**PROBLEM:**
Your response should consist of the entire listing, transcribed exactly, with every image left out.

━━━━━ EXERCISE DATA ━━━━━

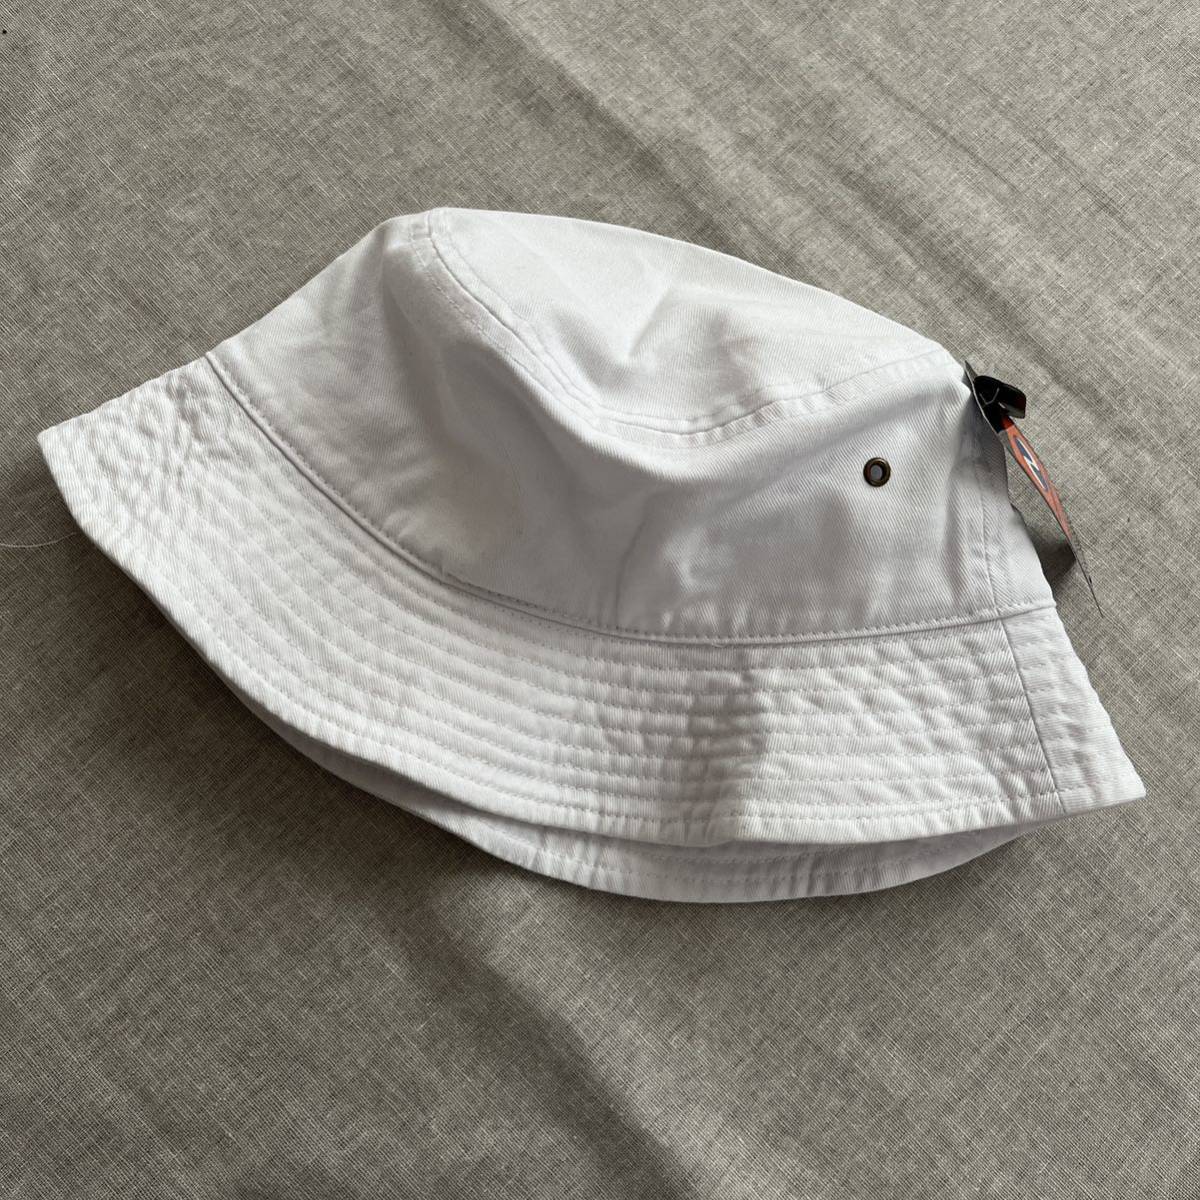 ニューハッタン コットン バケットハット 帽子 S/M ホワイト 白
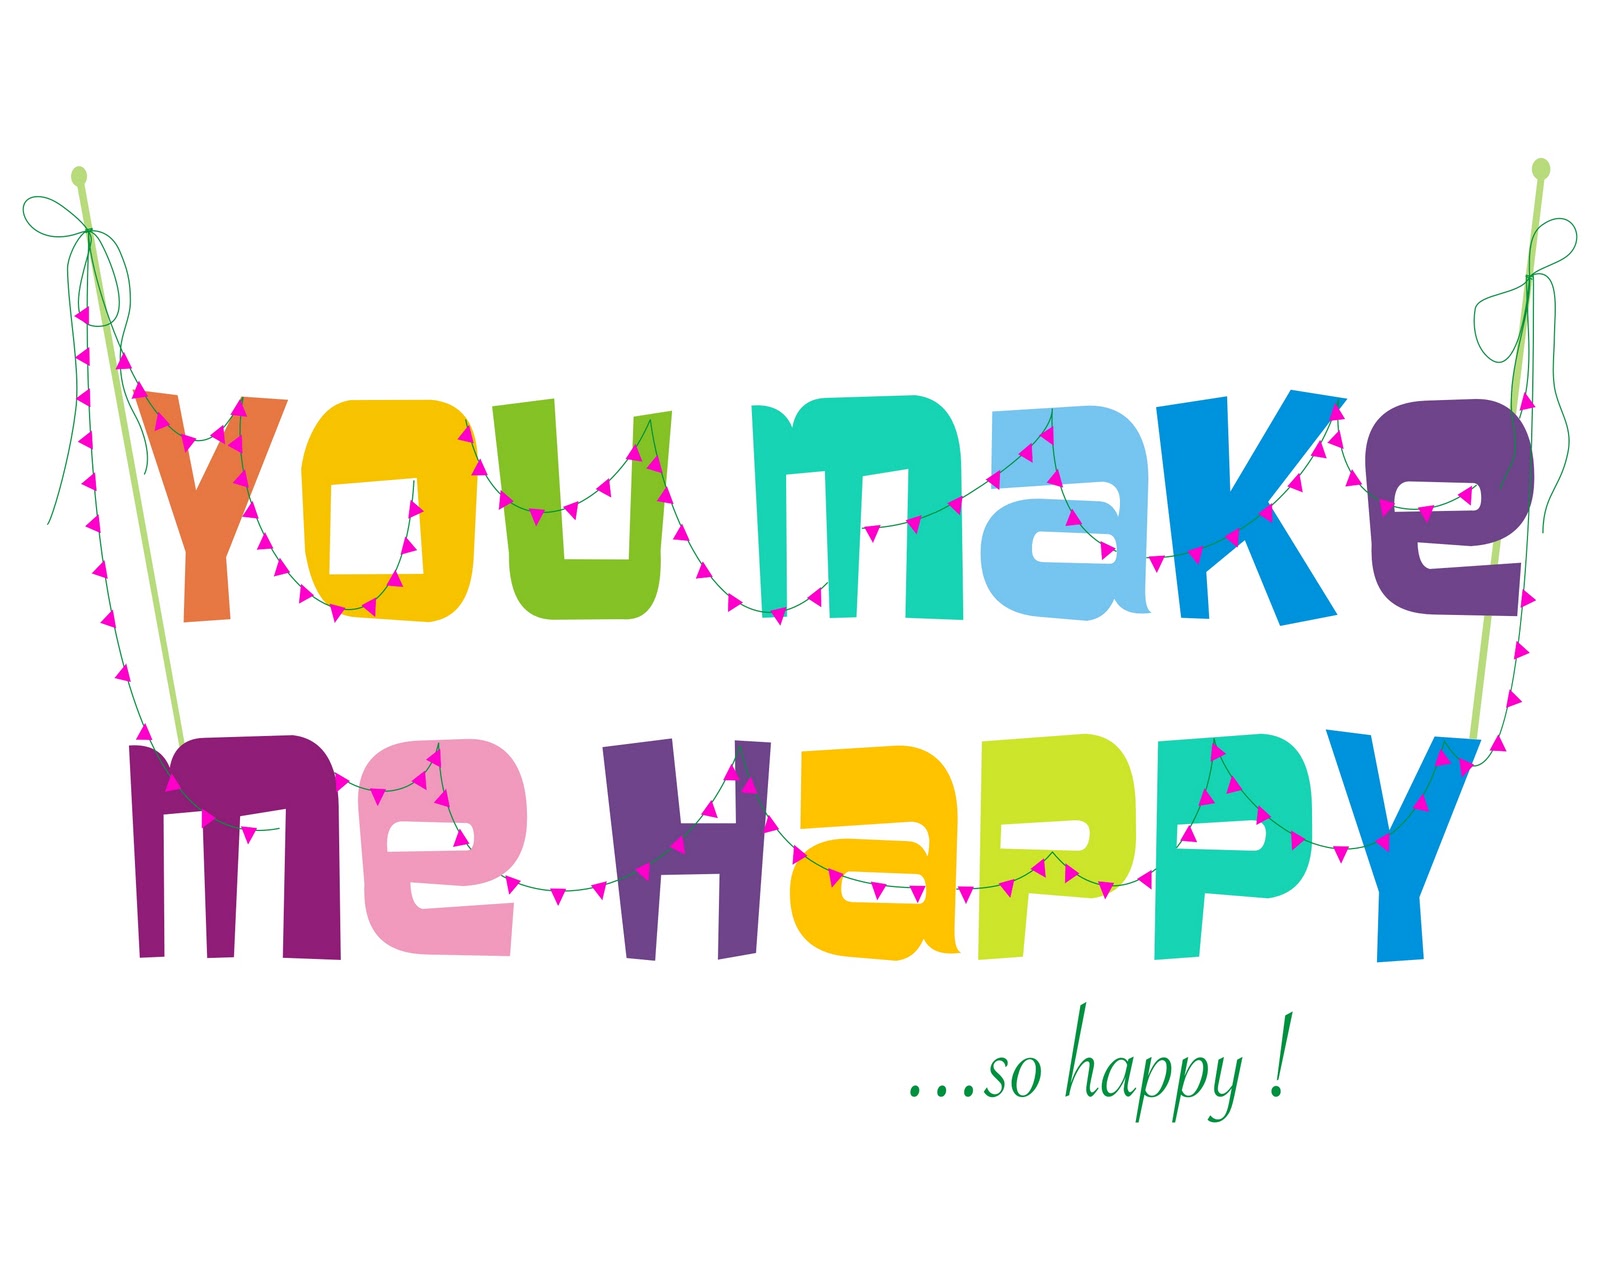 Im be happy. You make me Happy. Картину в i am Happy. I am Happy картинки. You make me Happy картинки.
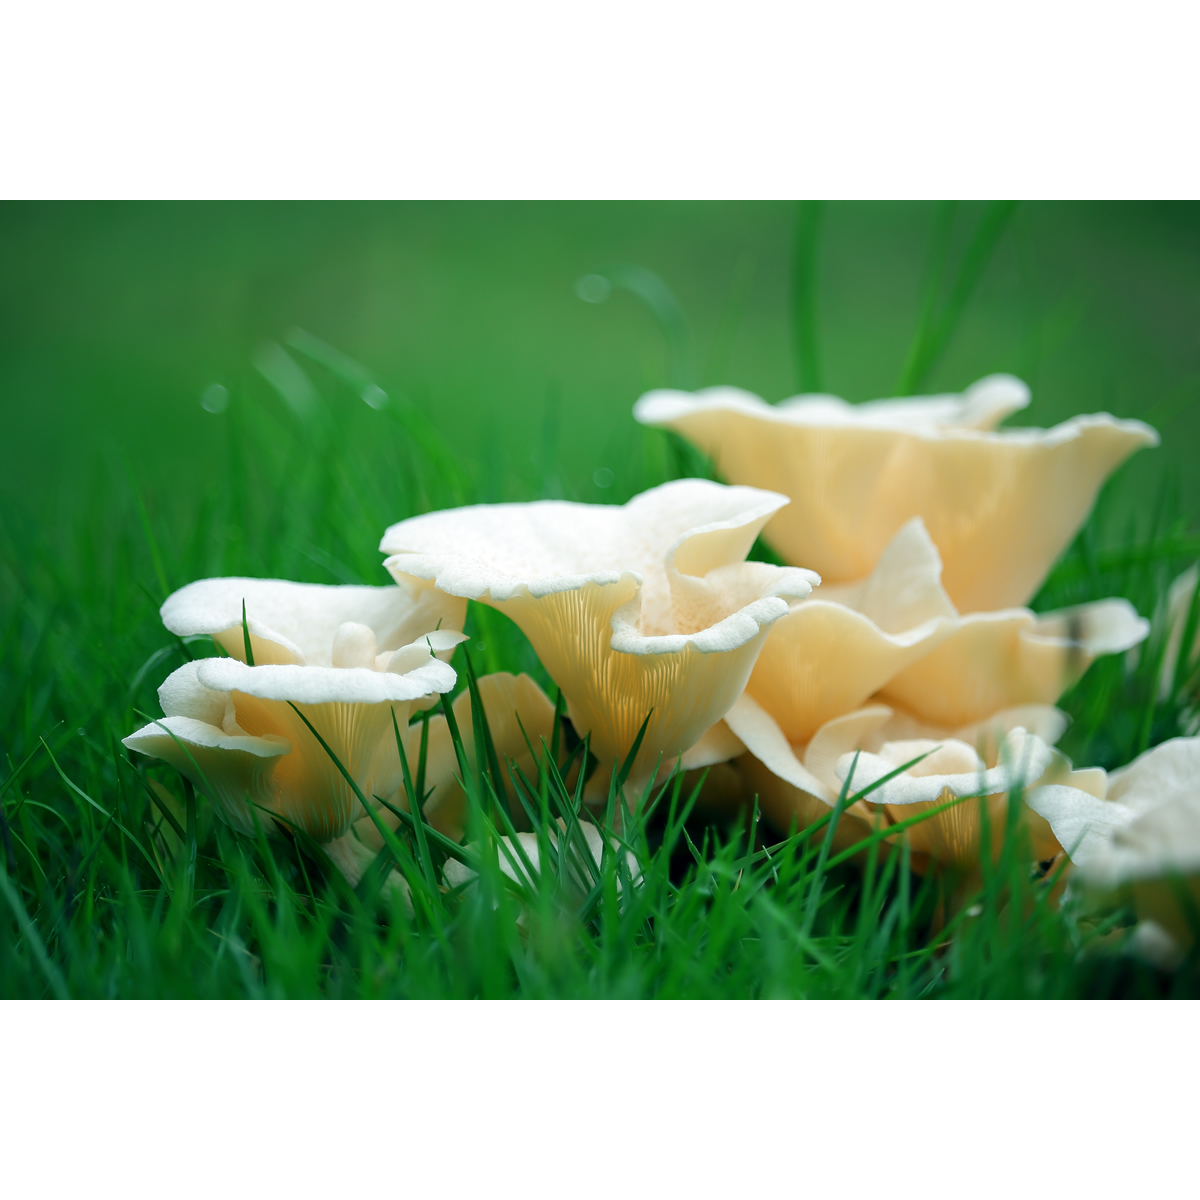 高清蘑菇微距摄影作品(4张组图) 原创春天素材、精美壁纸

━━━━━

**TASK RESPONSE:**
 ニューハッタン コットン バケットハット 帽子 S/M ホワイト 白
 Im be happy. You make me Happy. Картину в i am Happy. I am Happy картинки. You make me Happy картинки.
 高清蘑菇微距摄影作品(4张组图) 原创春天素材、精美壁纸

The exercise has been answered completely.